Paper introduction :Negative-Aware Attention Framework for Image-Text Matching ( Image text matching based on negative perceived attention ,CVPR2022)
Code home page :https://github.com/CrossmodalGroup/NAAF
The main advantage :
1) Without adding any additional learning parameters , At base baseline SCAN Significant performance improvement on , achieve SOTA;
2) The model design is simple and effective , It only needs SCAN The text of - Images (Text-to-Image) One way calculation , It can greatly reduce the retrieval time of attention-based matching methods .
3) Explicit cross modal semantic alignment correlation and non correlation learning . Combine the optimal correlation to distinguish learning , Construct a joint optimization framework .
One 、 Preface
Image text matching task definition : Also known as Cross modal image text retrieval , That is, through a modal instance , Retrieve semantically relevant instances in another mode . for example , Given an image , Query the text corresponding to its semantics , vice versa . To be specific , For any input text - The image is right (Image-Text Pair), The purpose of image text matching is to measure the semantic similarity between image and text .
chart 1 Input and output of graphic matching
Core challenges : Image text cross modal semantic association is dedicated to Bridge the semantic gap between visual modality and language modality , The aim is to achieve heterogeneous modes ( Image composed of low-level pixels and text represented by high-level semantic vectors ) Accurate semantic alignment between , That is, mining and building images and texts Cross modal semantic consistency correlates correspondence .

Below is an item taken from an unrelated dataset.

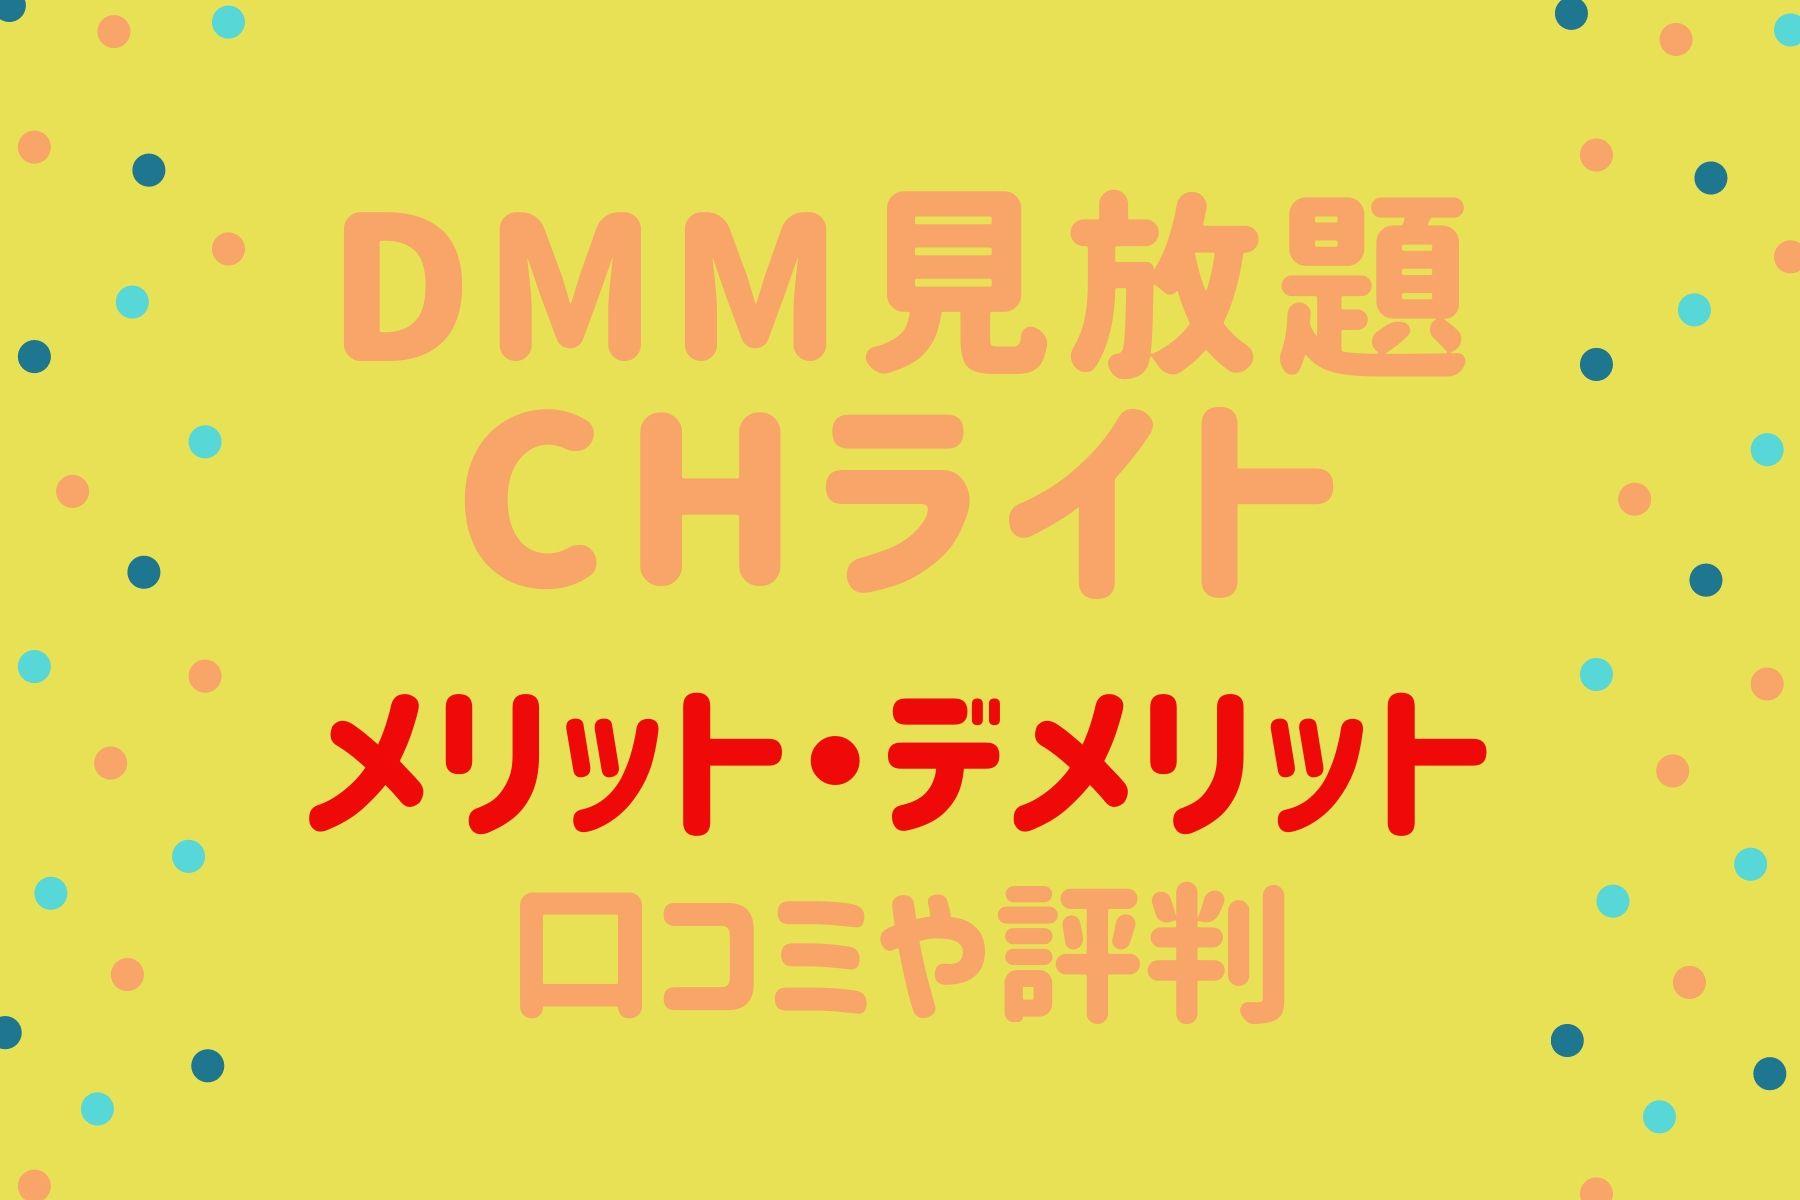 DMMm見放題chライトの6つのメリット・3つのデメリット|評判や口コミ

Analysis of current situation : The existing image text image text matching work can be roughly divided into two categories :1) Global Association : Take the whole text and image as objects to learn semantic association ;2) Local correlation : Take fine-grained image salient areas and text words as objects to learn semantic association . The early work belongs to global correlation , That is, the whole image and text are mapped to a potential common subspace through the corresponding deep learning network , In this space, the similarity of cross modal semantic association between image and text can be directly measured , And the similarity of the semantic matching pairs is greater than that of the other mismatched pairs . However , This global association paradigm ignores the local salient information of the image and the fine-grained interaction of local important words in the text , It hinders the further improvement of the accuracy of image text semantic association . therefore , Local association based on fine-grained image regions and text words has been widely concerned and developed , And quickly occupy the dominant advantage . For the existing image text cross modal semantic association paradigm , The core idea is to mine the alignment relationship between all image segments and text segments .

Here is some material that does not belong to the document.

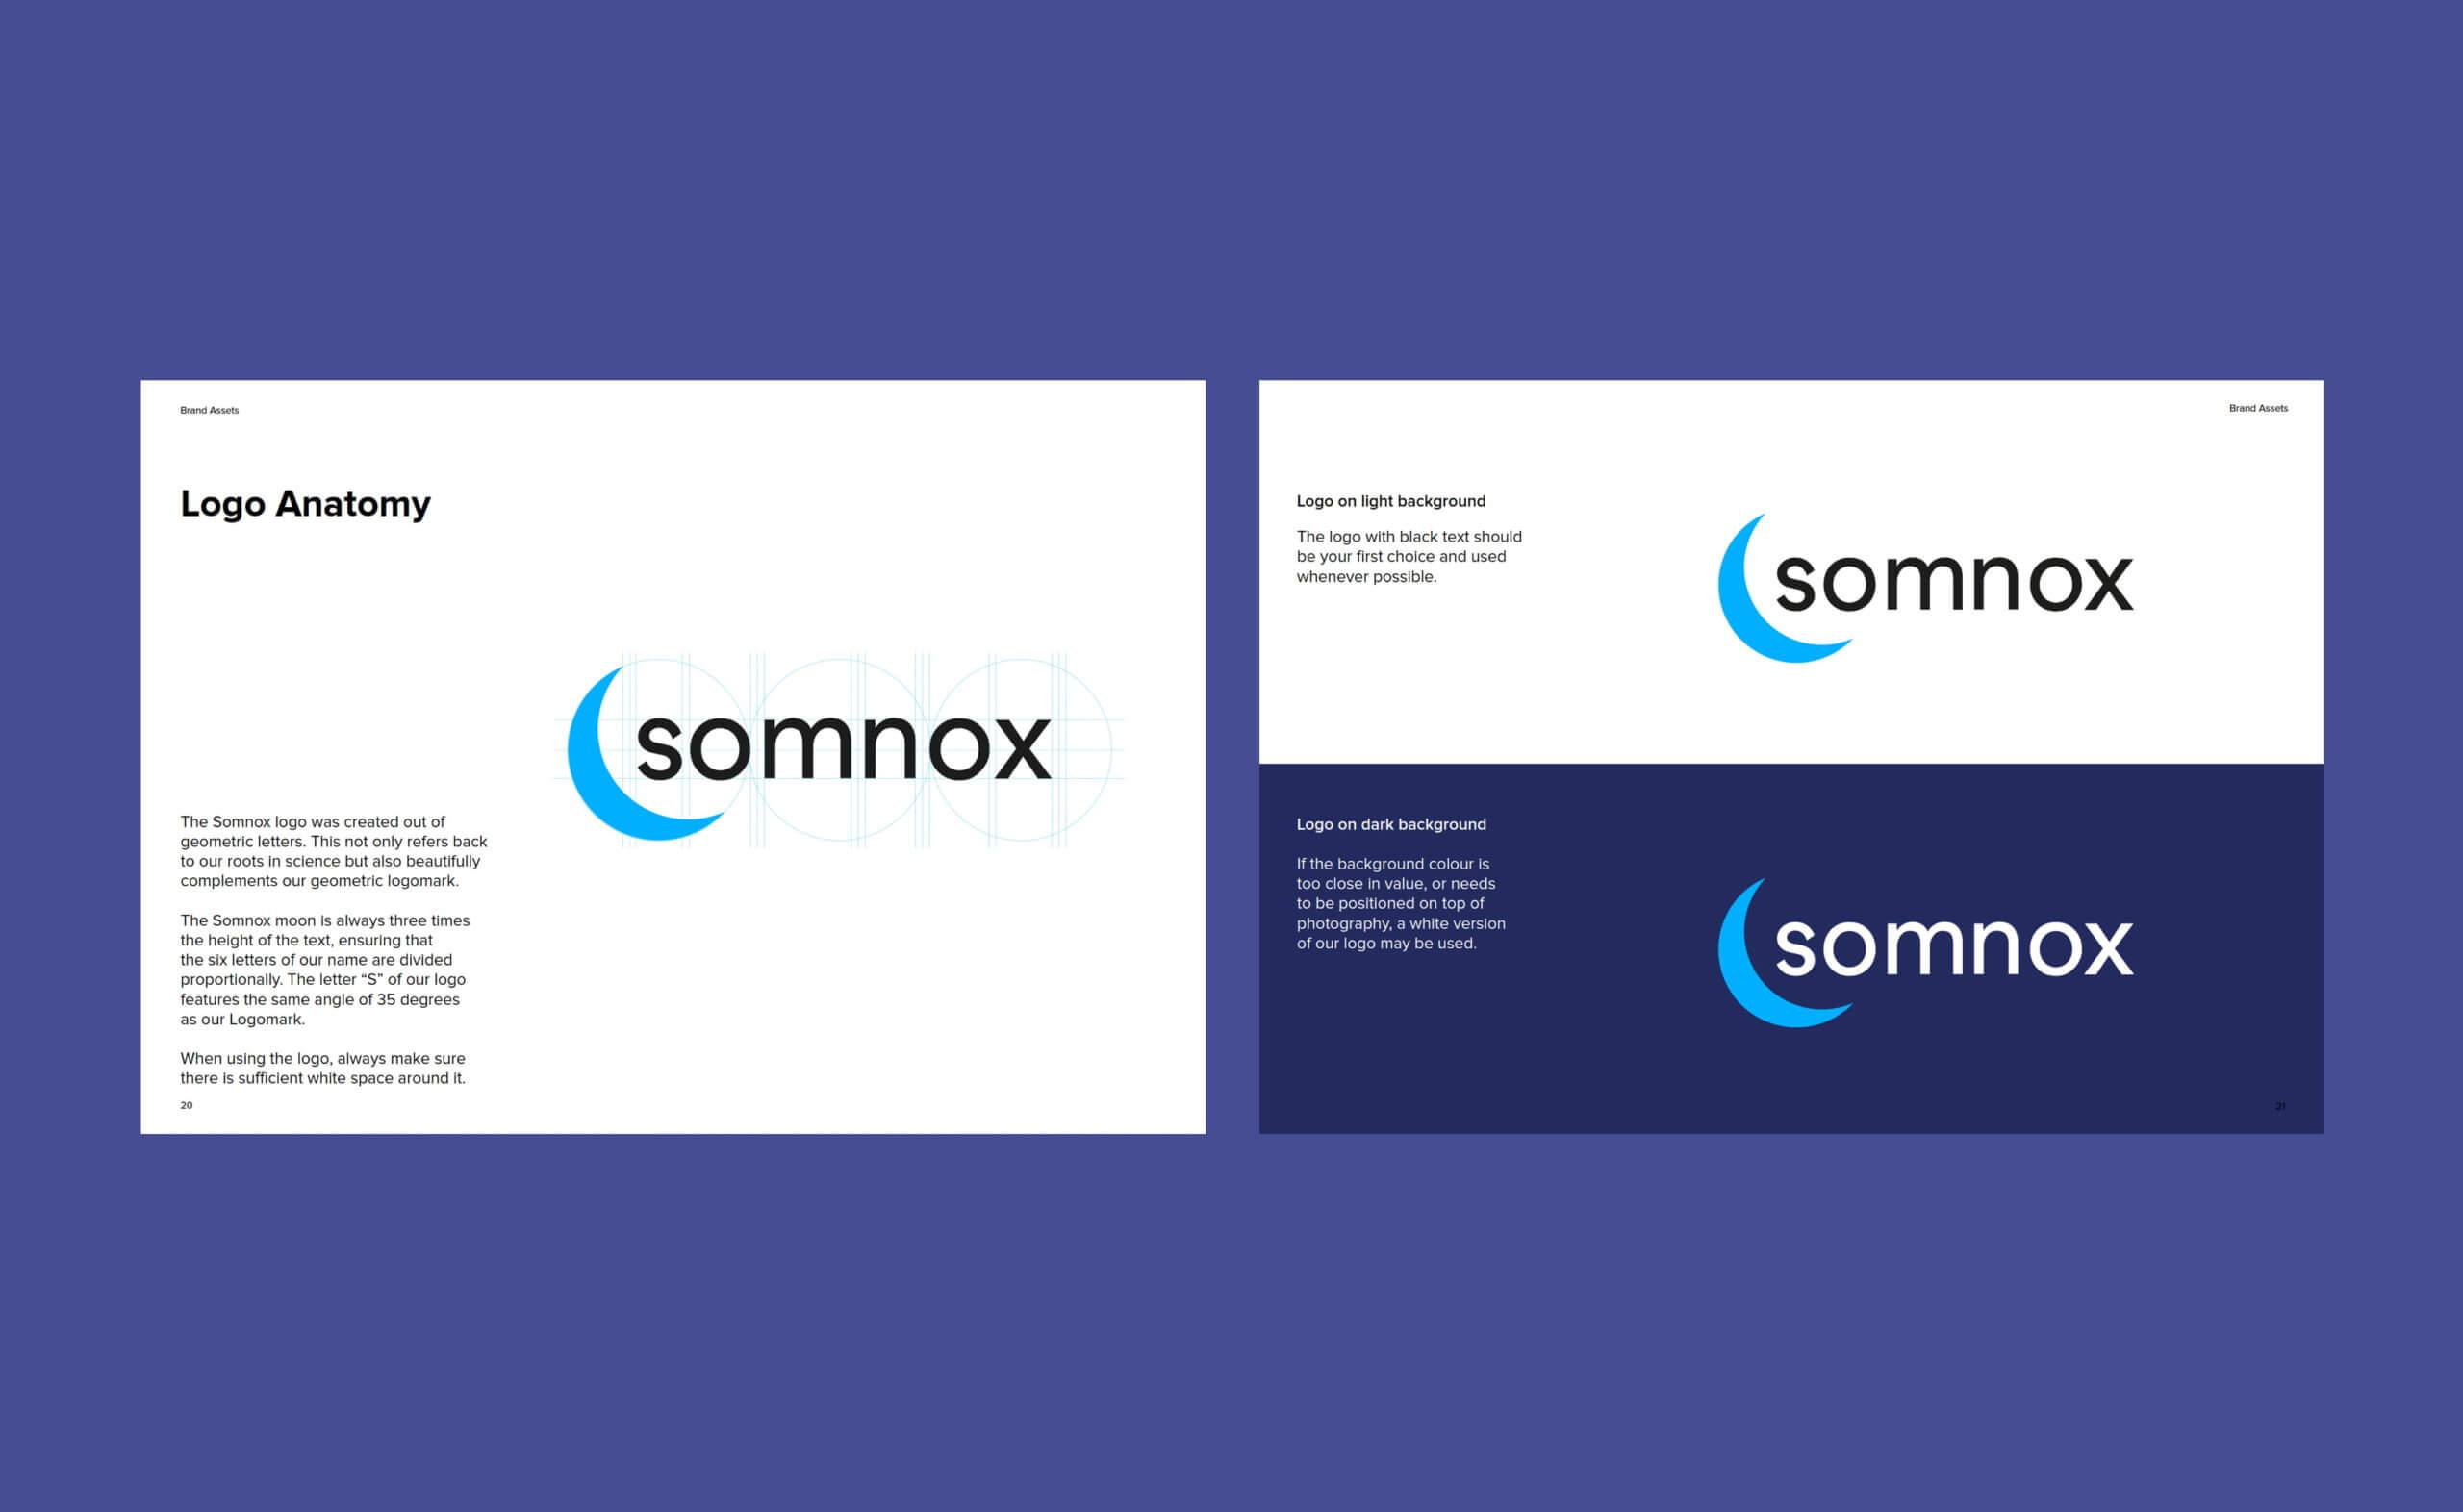 Somnox-Brand-16-2

chart 2 Development status of image text matching
Cross attention network SCAN Capture all potential local alignments through the mutual attention mechanism between regions and words , And inspired a series of work . Cross modal cross attention aims to mine the alignment relationship between all image regions and text words , Infer the overall relevance through local semantic alignment . To benefit from For fine-grained modal information interaction , The method based on cross attention achieves significant performance improvement , It has become the mainstream paradigm of cross modal semantic association of image and text .

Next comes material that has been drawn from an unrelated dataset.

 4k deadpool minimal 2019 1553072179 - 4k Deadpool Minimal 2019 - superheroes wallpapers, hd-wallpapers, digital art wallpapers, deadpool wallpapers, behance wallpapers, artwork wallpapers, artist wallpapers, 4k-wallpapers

chart 3 Cross modal attention paradigm SCAN
motivation : Existing methods often obtain the alignment semantics between modes according to the association interaction . The purpose of this process is Maximize alignment semantic similarity in images and texts , And use this as a clue to calculate the degree of graphic matching . Concrete , In the process of modal interactive learning , Existing methods usually suppress the role of non aligned cues ( Through one ReLU Function to erase negative correlation scores ), The model mainly learns the positive effect of alignment semantics . However , They all ignore the image - Text alignment Rich non aligned clues for measuring Matching is also very important . Because when content that does not exist in the image appears in the text description ( Unaligned text word fragments ), So this Images - Text pairs just don't match . From this analysis, we can see , Unaligned text word fragments for measuring images - Text is also important for matching . The simplest idea is : We can fully exploit the negative effects of misaligned fragments , Make the original search in Top The wrong matching of positions reduces the similarity score , So as to retrieve the correct . As shown in the figure below :
chart 4 Analysis of negative perceived attention motivation
Two 、 General framework
chart 5 The overall framework of negative perceived attention
Overview: The negative perception attention network consists of two main modules :1) Mismatch mining module : By modeling the similarity distribution of matched fragments and mismatched fragments , Then the optimal similarity discrimination threshold is solved by optimizing the minimum misclassification probability of the two distributions , So as to distinguish mismatched fragments as much as possible .2) Positive and negative double branch matching module : Through two different mask attention mechanisms , On the one hand, we should pay attention to the similarity of matching fragments , On the other hand, accurately calculate the dissimilarity of mismatched fragments , Using the positive effect of the former and the negative effect of the latter to measure the cross modal semantic association between image and text .
Bright spot :① The first one combines the positive and negative effects of matched and mismatched fragments , and Explicitly mining mismatched fragments The job of .② In the process of training Joint optimization framework : Forward optimization : Adaptively learn the optimal correlation threshold , Get better semantic alignment ; Backward optimization : Because the optimal threshold is involved in the attention calculation process , Therefore, in gradient back propagation optimization , It will promote the gradual separation of relevant and irrelevant similarity , So as to learn more distinctive image text feature embedding .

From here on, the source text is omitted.